Why Evolution Demands Veganism

Image from https://www.livescience.com/474-controversy-evolution-works.html

As I mentioned in a recent post, religious beliefs — Christianity in particular — present a barrier to veganism. In other words, someone who is Christian — Jains notwithstanding — is less likely to go vegan than a person that adheres to another religious belief, or no religion at all, in part because the Bible provides justification for people to do whatever they like to plants and animals.

Another way in which religious dogma interferes with one’s ability to see the moral impetus for veganism is through the creationist account of the universe. Creationism typically holds that humans are entirely separate from animals, placed in an entirely different category. As a result of this essentialism, people afford ethical consideration to humans and deny it to animals.

Contrary to what many people believe — that evolution dictates that we should eat meat since it supposedly led us to evolve large brains and because our ancestors did it — it actually provides an extremely potent case for considering the interests of animals, and going vegan as a result. (Needless to say, evolution is true and creationism is not.)

Though we often forget, humans are animals, too. True, we have an ability to communicate using language not seen in other animals, and we’re quite a bit smarter than every last chimpanzee or dolphin. But we also have a sense of morality not seen in the animal kingdom. Instead of giving us license to do whatever we wish to nonhuman animals, this should prompt us to consider whether we’re harming them and to minimize that harm as much as we can.

To recognize that humans are animals is to open the door to comparison. Creationism proffers a flavor of Speciesism that dictates that animals have no interests whatsoever, whereas evolution places us on a scale.

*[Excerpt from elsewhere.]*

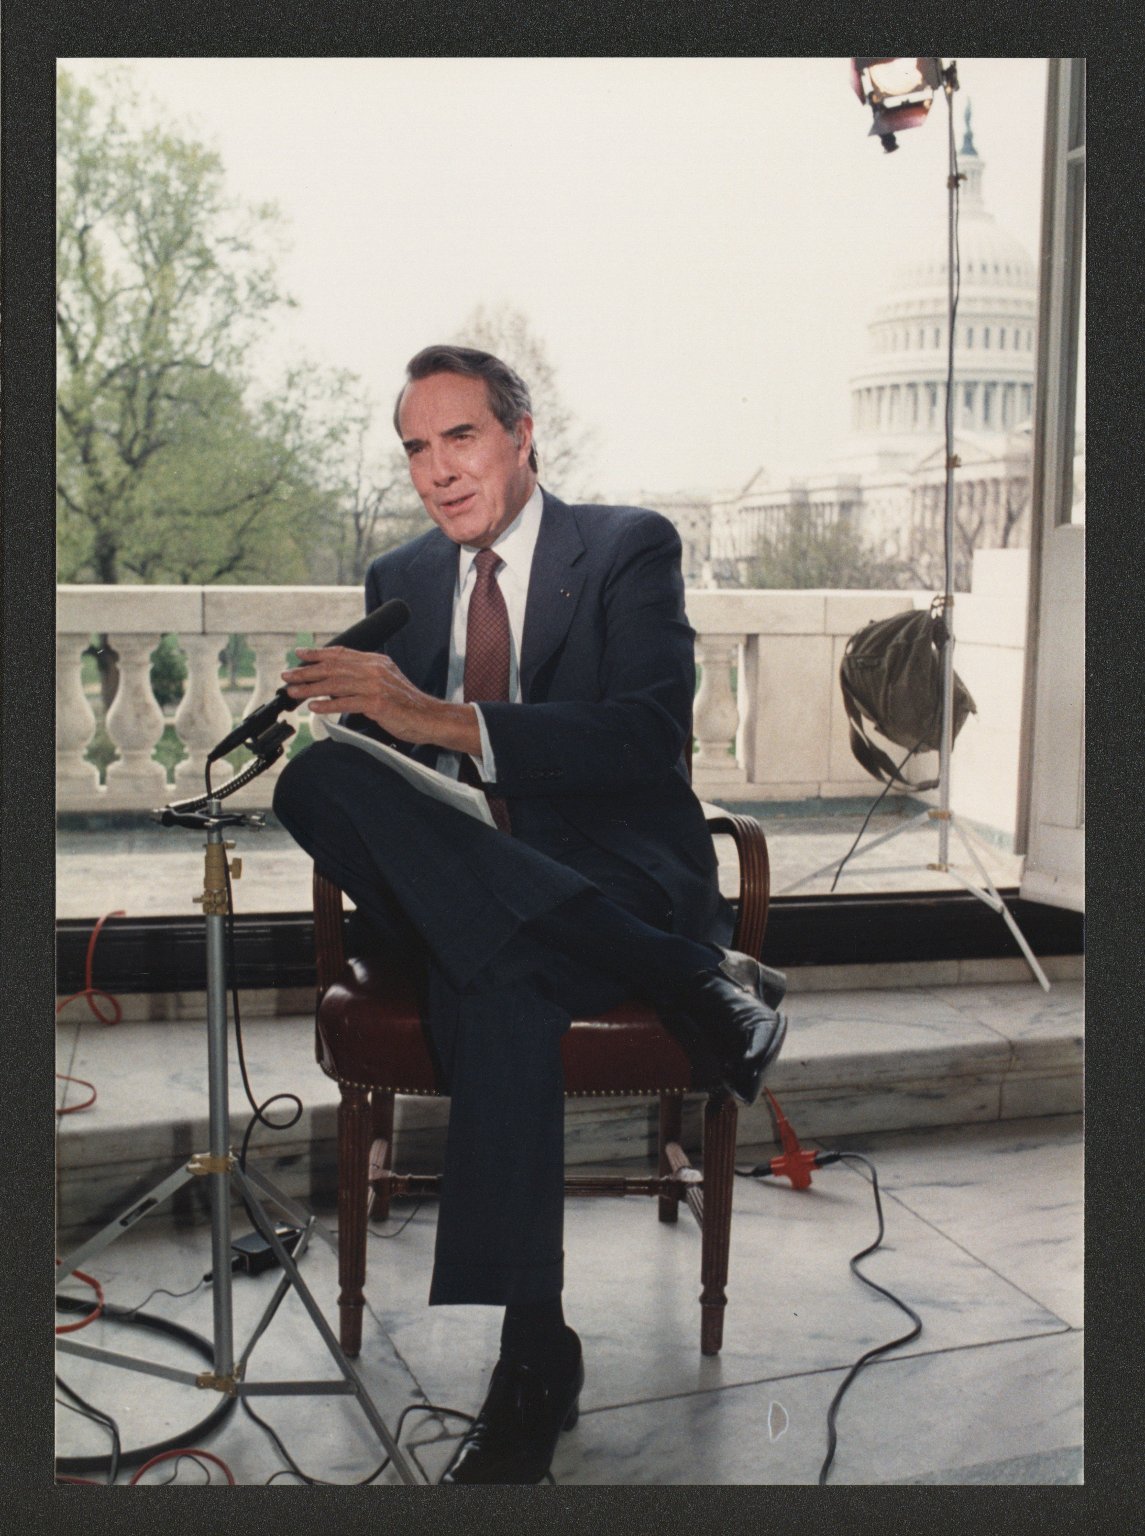 Senator Bob Dole being interviewed on balcony of U.S. Capitol, c. 1988
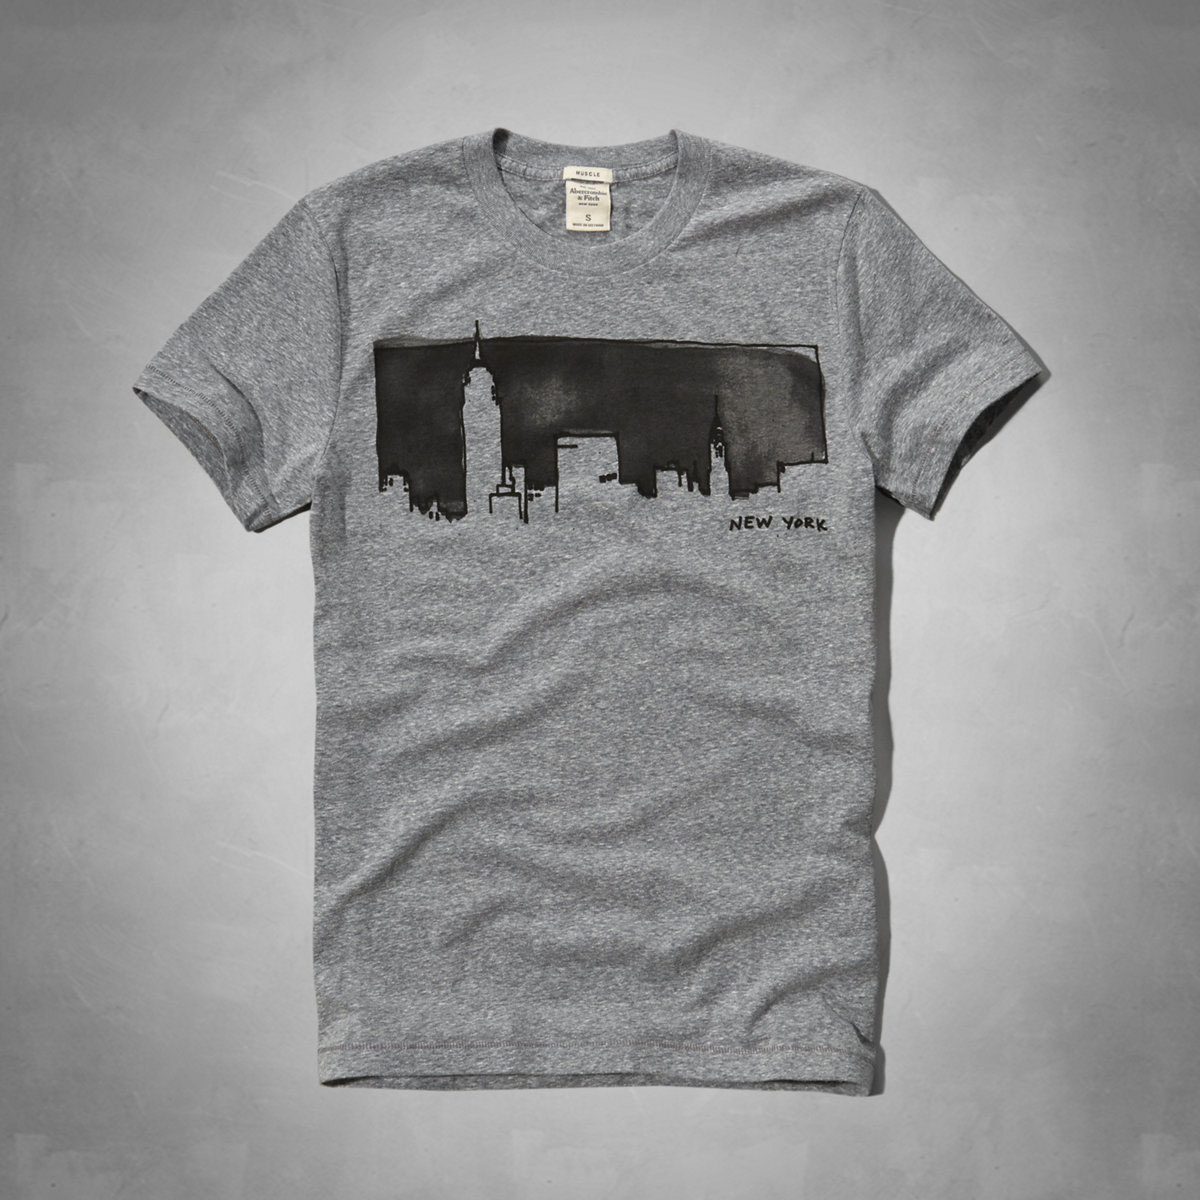 abercrombie t-shirt design

I call it The Suffering Spectrum; it’s a currently-hypothetical guide to considering the interests of animals, and it looks something like this: plants on the far left, then insects, reptiles, fish, birds, small mammals, large mammals, primates, and finally humans. The Suffering Spectrum is an evolutionary guide to measuring a species’ ability to experience suffering. As you move to the right, the moral consideration afforded to a member of that species should increase.

It’s based on simple neurobiology. Plants don’t have brains, so they can’t feel pain. Insects have brains, but their conscious experience is likely very limited. As we move from left to right, the brains become more complex, more capable of enduring experiences much like we are. On the far right end of the spectrum, nonhuman primates and human primates likely experience pain nearly identically, though humans may have the edge due to our seemingly unique capacity for psychological torment.

All of this is to say that accepting the reality of evolution allows us to see that humans and animals are not in entirely separate categories. If we care about the quality of life of the former, we should also be concerned about the interests of the latter.

Even if our concern for nonhumans is considerably less than that of fellow humans, it does not follow that we can justify harming and killing animals. Only with essentialist, categorical, zero-sum speciesist beliefs — those enabled by the false story of creation in the Bible — can one believe otherwise.

As a scientifically-valid counter to creationism, and a theory that acknowledges how much we have in common with nonhuman animals, acceptance of evolution is a facilitator to transitioning to a vegan lifestyle. And in fact, understanding that evolution is true ought to underscore the ethical imperative of making such a change.